Archive for February, 2010


Kernel Samepage Merging (KSM) in Linux Operating System.

February 16, 2010

Kernel SamePage Merging is a recent linux kernel feature which combines identical memory pages from multiple processes into one copy on write memory region. Because kvm guest virtual machines run as processes under linux, this feature provides the memory overcommit feature to kvm so important to hypervisors for more efficient use of memory. The motivation for KSM comes from the observation that on a large machine running several virtual machines (potentially running the same OS), there are number of duplicate pages , each consuming a page of memory in the hypervisor. If pages with exactly the same content don’t change often , then sharing these pages across the various users will free up the memory for other use in the system. The ability of the hypervisor to provide more memory than is really available (via virtual memory or other means) is memory overcommit. The scope of sharing text regions (compiled code and instructions) is enormous. In a traditional operating system , text sharing happens automatically.

An overview of the design.

KSM is currently designed only to work in anonymous page. This works very well for a KVM based virtualisation environtment , since all of the memory used by the virtual machine / OS is mapped into the qemu process. For each anonymous pages scanned , the algorithm looks for a match in the stable tree. If a match is found , the page is merged with the page in the stable tree.

Kernel thread: KSM creates a kernel thread to help with merging pages with similar content in the background. This might change in the future  , and KSM might create several threads depending on the topology of the system and the total available memory.

Stability: KSM maintains two data structures – the stable and unstable tree. KSM works in multiple passes , checking to see if pages with similar content can be merged. At the end of  each pass , the unstable tree is reinitialised. A pass is a full scan of areas registered via the madvise(2) API.

User hints: The user provides hints on the address that can be considered as ‘mergeable’ using the madvise(2) system call. The KSM subsystem uses these hints to decide what virtual address space to scan for pages with duplicate content.

Conclusion , the primary user of KSM is expected to be virtualisation solutions and KVM in particular. However , KSM is designed to be generic. In short , KSM is suited for application beyond virtualisation , specifically if there is a chance of a large amount of content being the same.


Bootstrapping Fedora 12 …. A simple review……

February 12, 2010

A GNU/Linux system , in general , has three phases of booting: kernel and initrd load , system and then services initialisation.In the first phase , the bootloader (GRUB ) loads the kerneland the initial RAM drive (initrd) into the memory. In the second phase , the essential initialisation task , like a file system check , UDEV device node generation , filesystem  mounts , network initialisation , setting the hostname , date and time and other basic stuff are done. And in the third  phase, as the system enters a run level, daemons and services like cups, httpd and the like are started.

Dracut – The current incarnation of mkinitrd sucks for a variety of reasons. Fedora developers took up the charge of creating “initramfs infrastructure” that has “…as little as possible hard coded into the initramfs”. And it looks like they made it big. The Dracut architecture is event-driven and make use of a Bash shell , eliminating Nash from initrd’s picture. This has a three fold advantage over using a minimal shell or a home grown replacement.  The end result is that Nash isn’t really required any more , and it will be dropped in a future release. However , in Fedora 12 , Nash is still used in a few places including Anaconda , the system installer.

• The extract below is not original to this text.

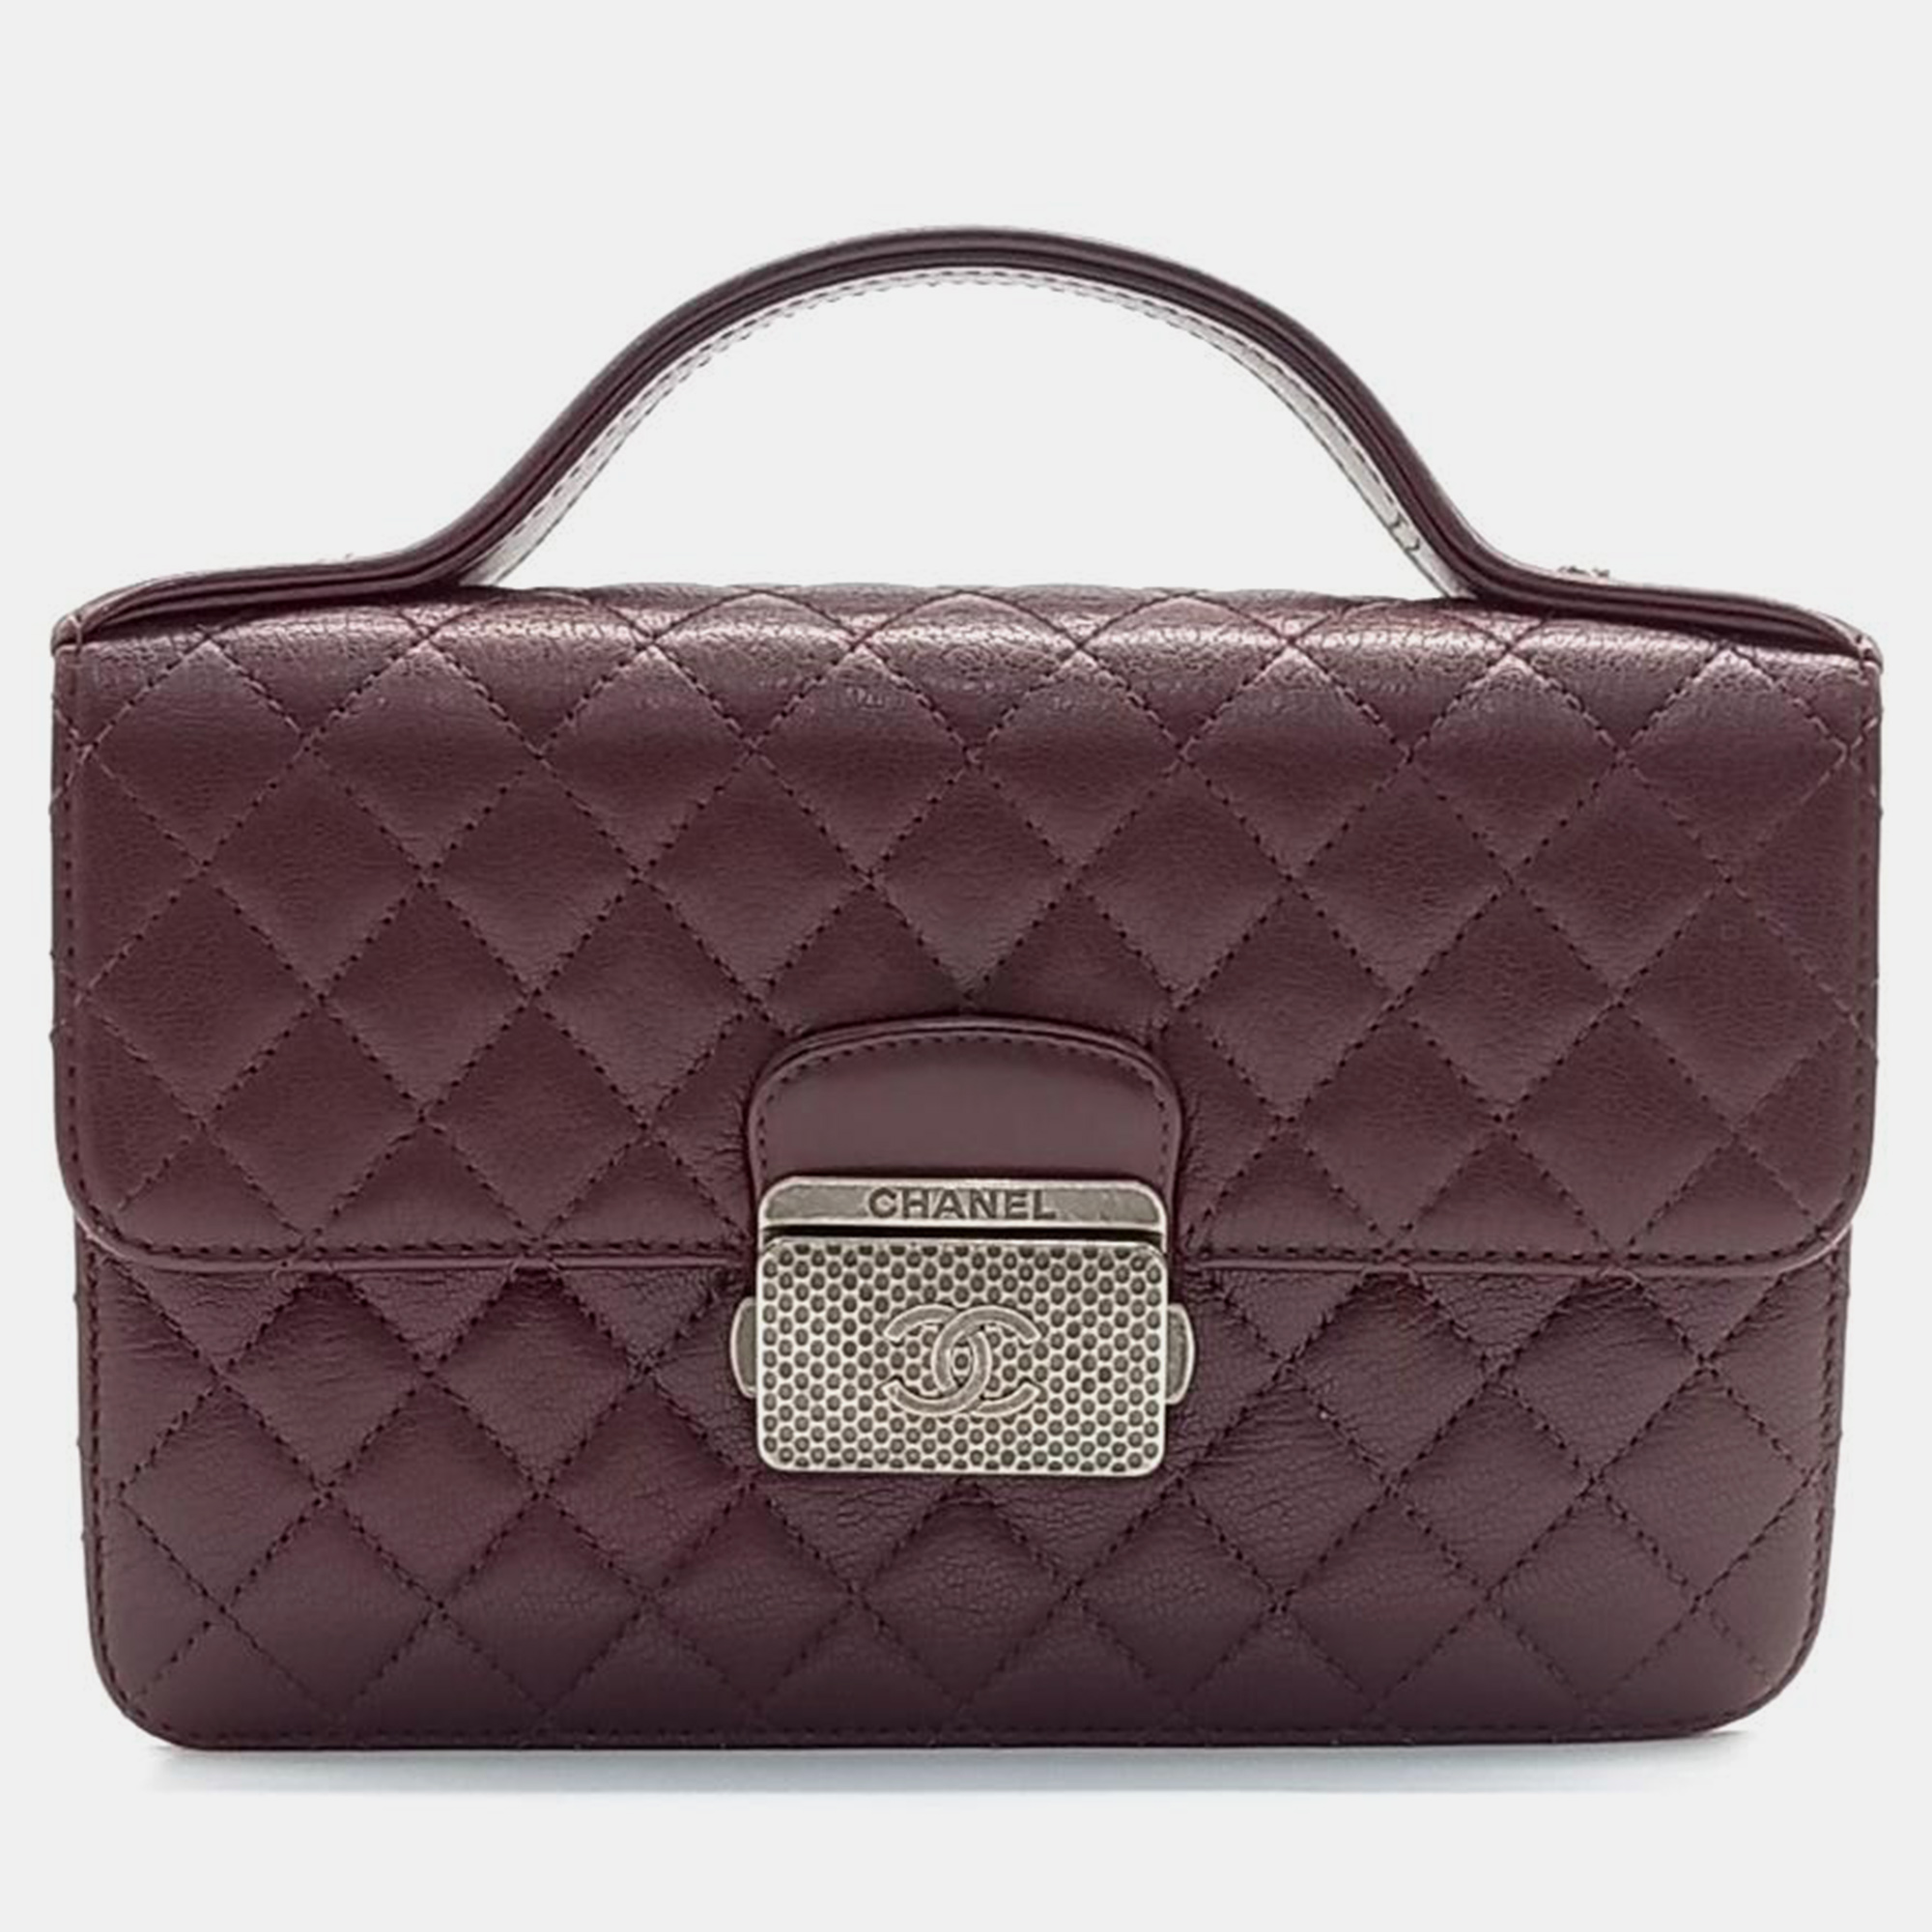 Chanel burgundy leather crossbody bag

KMS and Plymouth – In simple terms , in KMS (Kernel Modesetting ) , setting the screen resolution and colour depth as well as the video memory is managed by the kernel itselft.The advantage?Here’s an easy one : the transition from the splash screen to the display manager becomes flicker free.Since the kernel itselft manages the video memory instead of the X11 video driver , in case a Kernel Oops or panic occurs , the kernel can wipe out the X11 display and then show an error message. Compare this with the pre-KMS era where it would simply freeze up the system requiring a manual reset. Plymouth has already tasted mainstream success , being included with the current Mandriva release. It is slated to replace Ubuntu’s USplash , and with all the inherent problems of Bootsplash and the fact that Plymouth can work with UMS and KMS , we should be able to see most , if not all distro switch to Plymouth to provide a graphical boot.

Well , the infrastructure is now in place. All it needs is a bit of tweaking to get it to where the system boots in less than 15 seconds . There’s this unresolved bug , which causes Plymouth to be the first job to get killed when the system is shutting down , creating a blank screen(but it’s still flicker free) and dampening the shutdown experience. This thing will be corrected once UED’s make an appearance in Fedora.That’s the only way to fix it without using what we call ugly hacks.